Notwithstanding, consistent improvement of β-glucosidase activity has been achieved using site-directed mutagenesis based on high-resolution protein structures available in the PDB ( For example, after solving a protein structure, Lee and collaborators34 characterised a wide range of potential mutations in the substrate entrance of T. reesei β-glucosidase (TrBgl2; PDB ID 3AHY)33. Interestingly, the potential of L167W and P172L single mutations for improving the enzyme activity was highlighted; although L167W increased the optimum temperature by 10 °C and both constructs showed reduced KM and the best enzymatic proprieties compared to wild-type TrBgl2, no glucose stimulation was observed; moreover, the double mutant L167W/P172L was not analysed34.

Subsequently, mutations in TrBgl2 were also generated by replacing the amino acid residues L167, P172 and P38831 with the corresponding residues W168, L173 and F348 in the HiBgl structure (PDB ID 4MDO)18. In this study, the L167W/P172L TrBgl2 double mutant was characterised31; however, the current study is the first to determine the crystal structure of both WT and mutant proteins and demonstrate how these mutations alter the active-site channel to mimic the entrance of high glucose-tolerant enzymes. Although ThBgl and TrBgl share high sequence identity and structural similarity, some residues surrounding the active-site are not conserved, such as P338 (replaced by F348 in HiBgl and S337 in ThBgl) (Supplementary Fig. S8). Because this residue is closely located to a conserved tryptophan that participates in the enclosure of the active site (W338 in ThBgl, W349 in HiBgl and W339 in TrBgl) and due to the influence of a proline to phenylalanine substitution in TrBgl catalysis, it is likely that these neighbouring residues also play a role in glucose tolerance, explaining the differences observed in glucose stimulation levels of TrBgl31 and ThBgl mutants.
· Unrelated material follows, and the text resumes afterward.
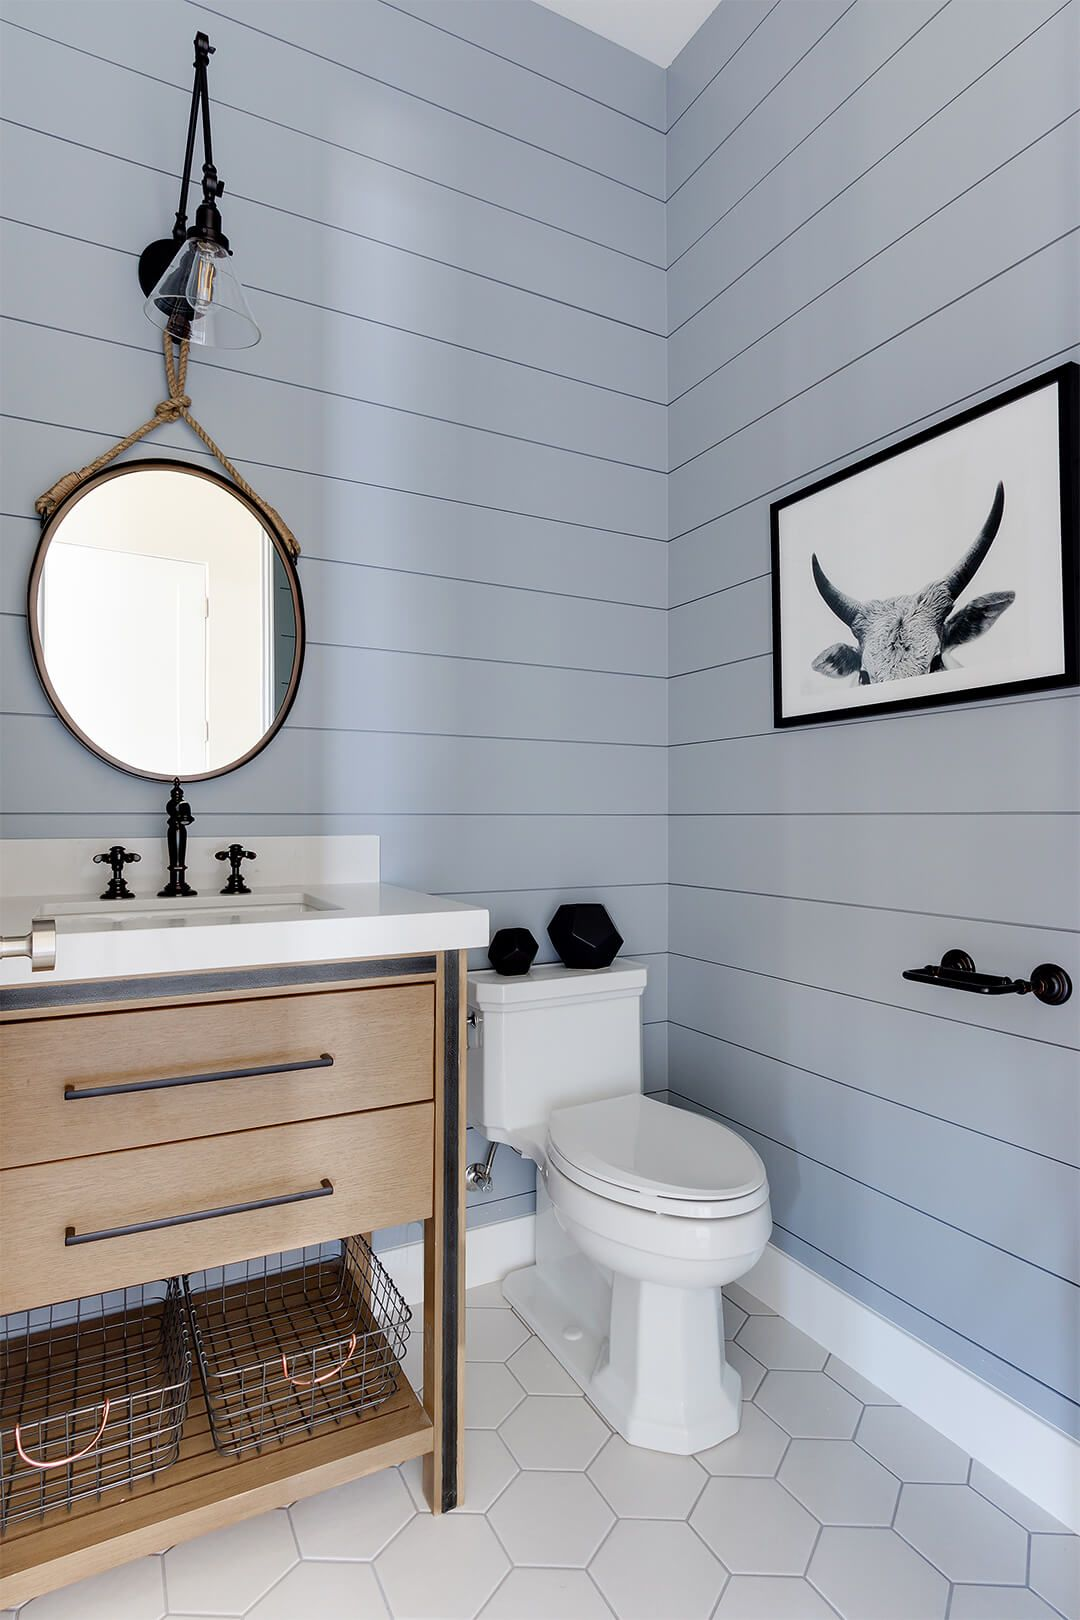 25 Best Bathroom Paint Colors Favorite In 2019 The Architecture Designs Shiplap Bathroom Painting Shiplap Blue Bathroom

In contrast to TrBgl-Mut, ThBgl-Mut showed continuous stimulation even at high glucose concentrations (1.0M), and the results were very similar to those observed in HiBgl36. The designed ThBgl mutations rendered its active-site topology very similar to that of HiBgl, in total accordance with the experimental observations regarding glucose tolerance and with the previously proposed glucose tolerance mechanism18. Parallel SSF experiments also demonstrated the improved performance of the ThBgl-Mut over the WT protein. Our findings show that the rational mutation approach used herein was able to enhance the glucose tolerance of ThBgl; however, the glucose tolerance itself does not seem to be the unique property that improves the ThBgl-Mut performance for biomass saccharification. ThBgl-Mut may more efficiently handle short cello-oligosaccharides and/or may remains active at high catalytic rates, thus reflecting the increased glucose release upon saccharification assays. Further experiments, including those in which the catalytic activity of enzymes against complex substrates can be evaluated at high concentrations of glucose, are still required to address these issues.

Together, our results not only experimentally demonstrate the mechanisms of glucose tolerance and stimulation in GH1 β-glucosidases but also shed light on the strategies for improving technologies based on enzymatic hydrolysis for bioethanol production.